§ **Problem**:
Note the line containing "بوسه فرانسوی (French Kiss)"; from it through the last line below, give only those lines again, exactly, both ends included, skipping pictures.

§ **Raw data**:
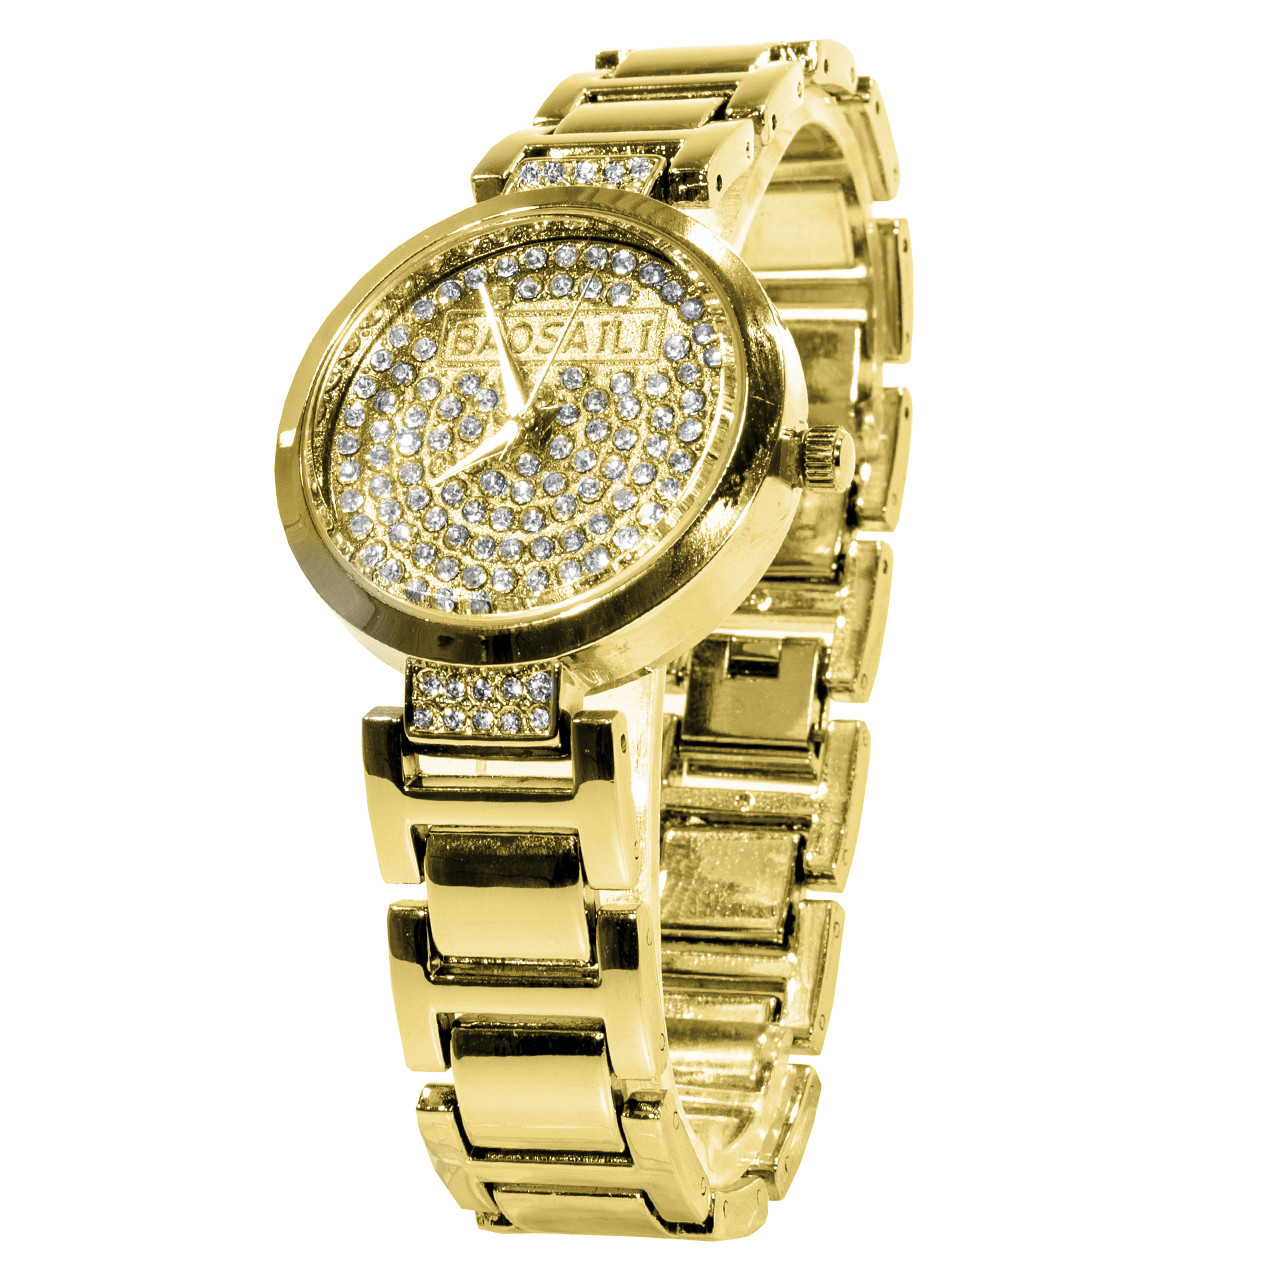 Наручные часы BAOSAILI KJ805 с камнями модный дизайн Баосаили для женщин и девушек Gold (3081-8928)
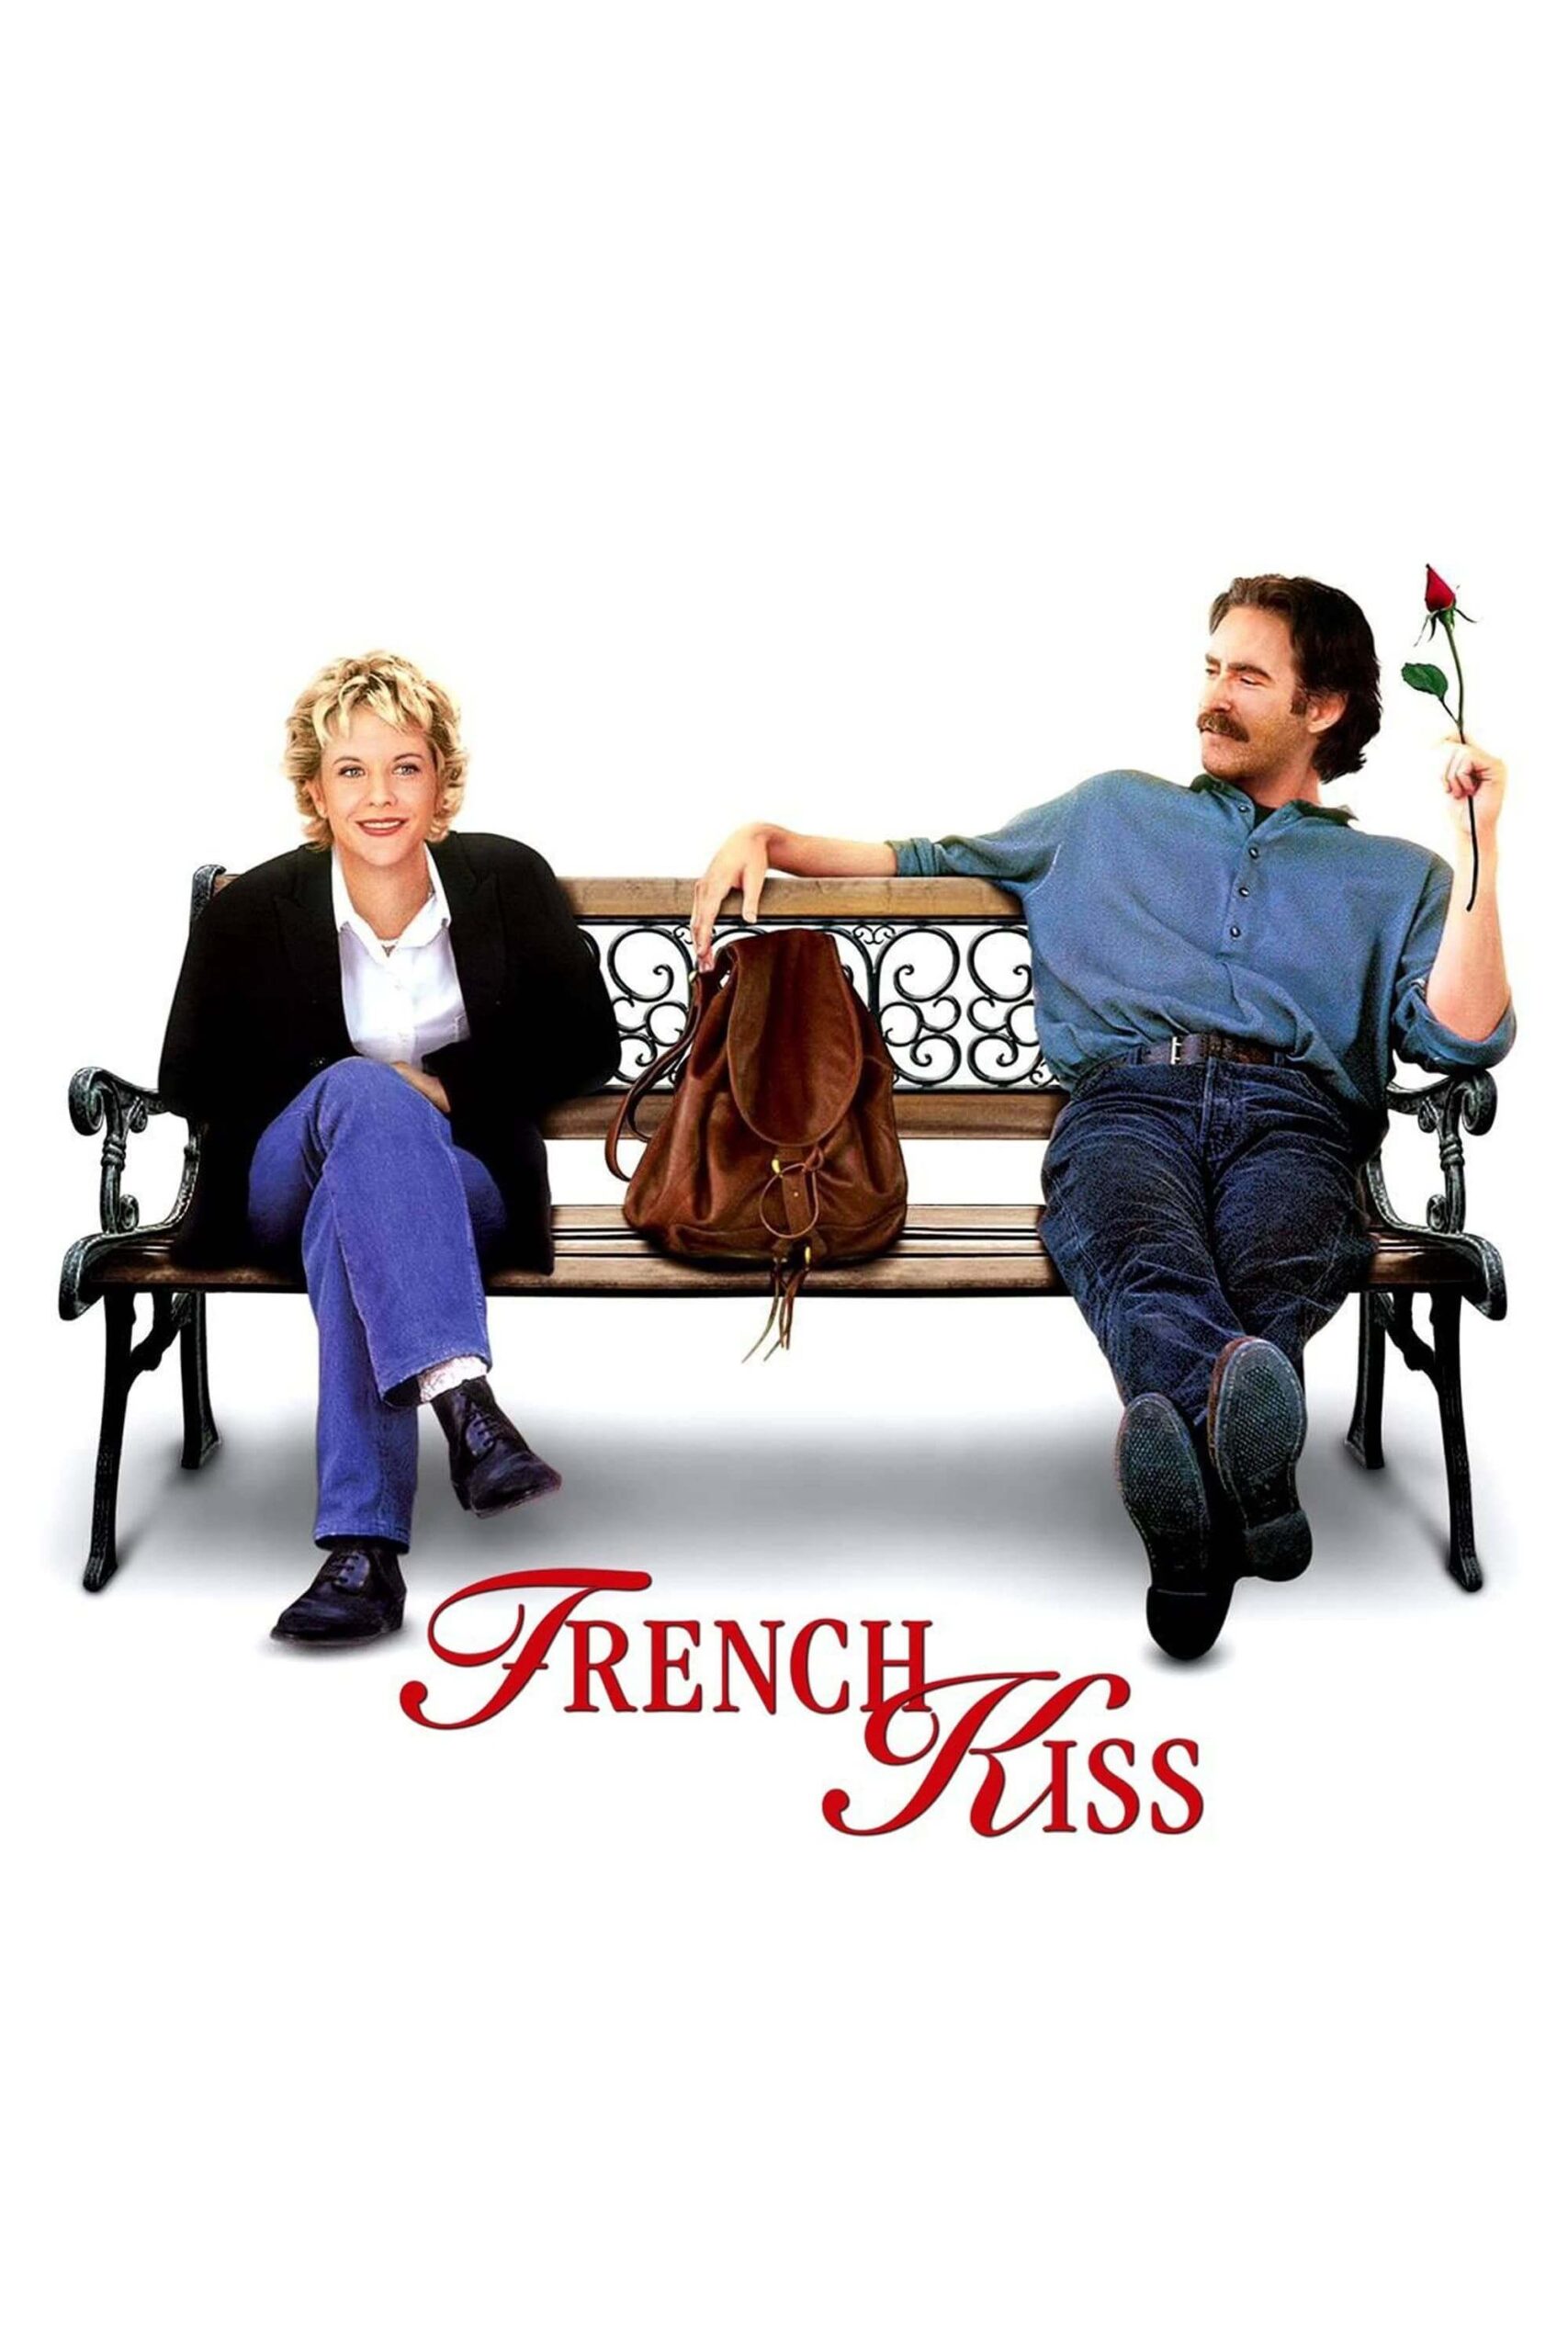 بوسه فرانسوی (French Kiss)
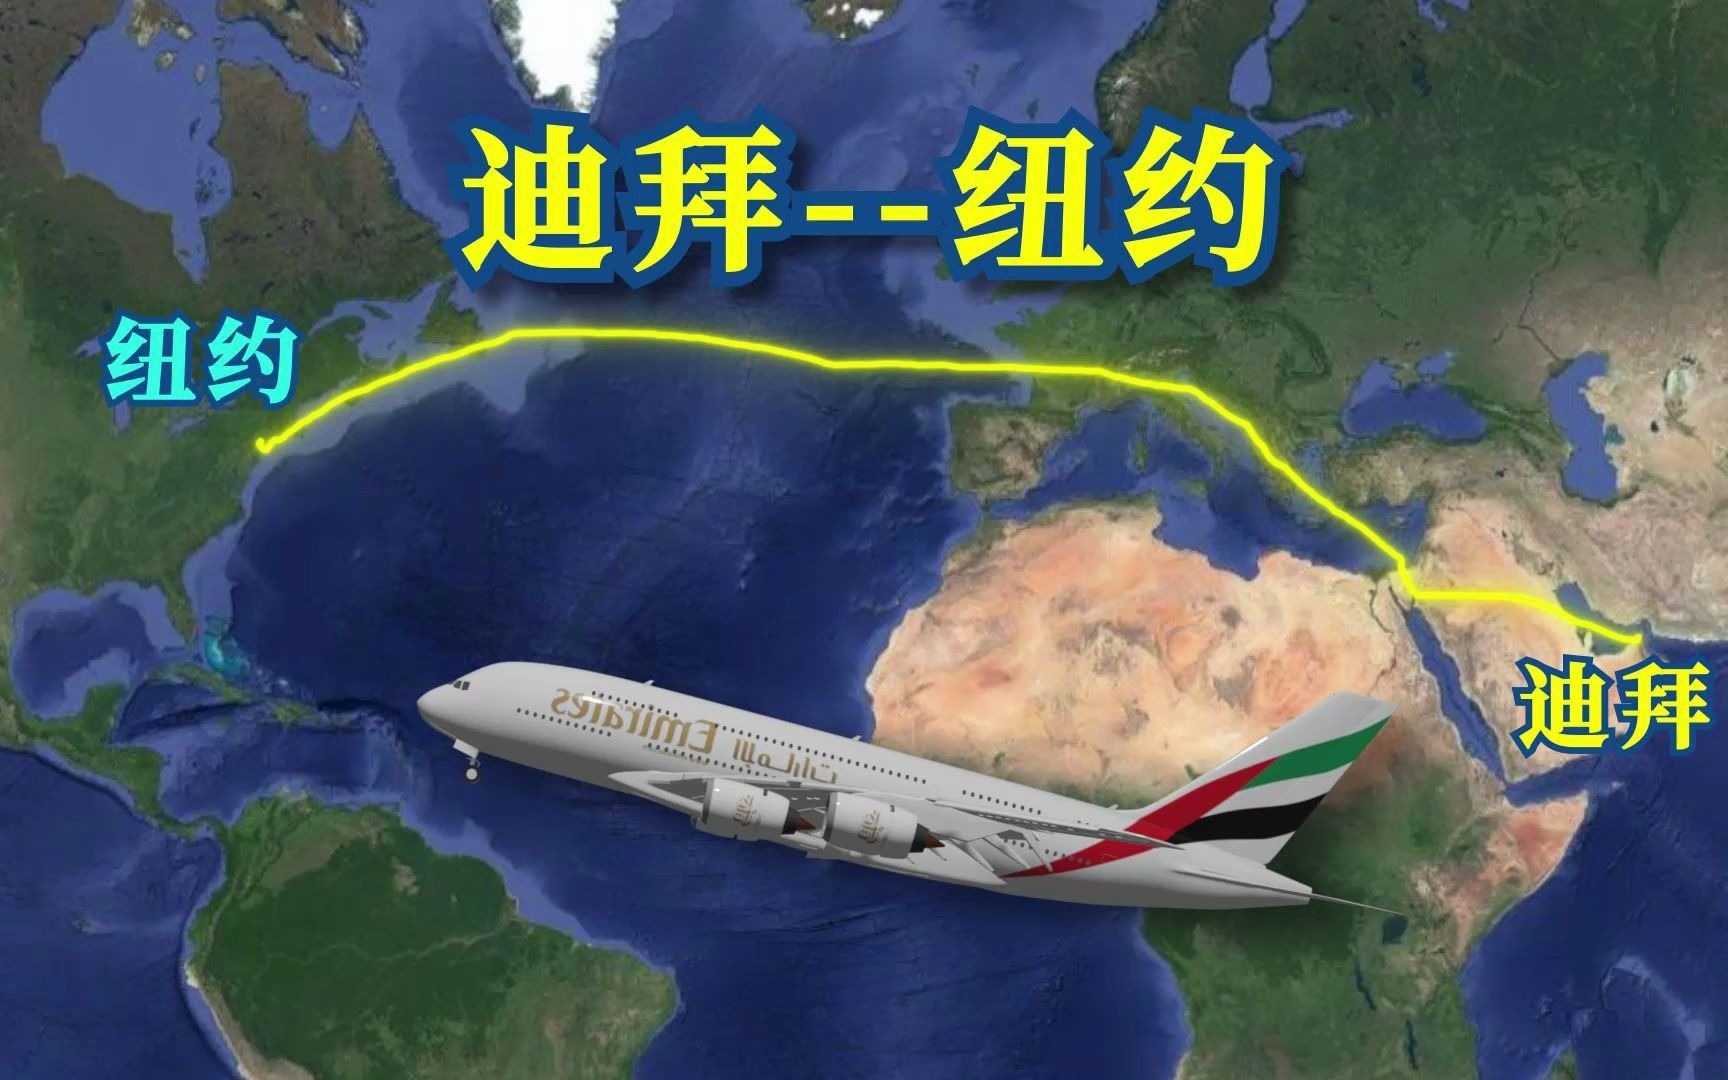 模拟a380从迪拜直飞纽约,途径地中海,欧洲横跨大西洋,全程11200公里!

§ **Response to this task**:
 بوسه فرانسوی (French Kiss)
 模拟a380从迪拜直飞纽约,途径地中海,欧洲横跨大西洋,全程11200公里!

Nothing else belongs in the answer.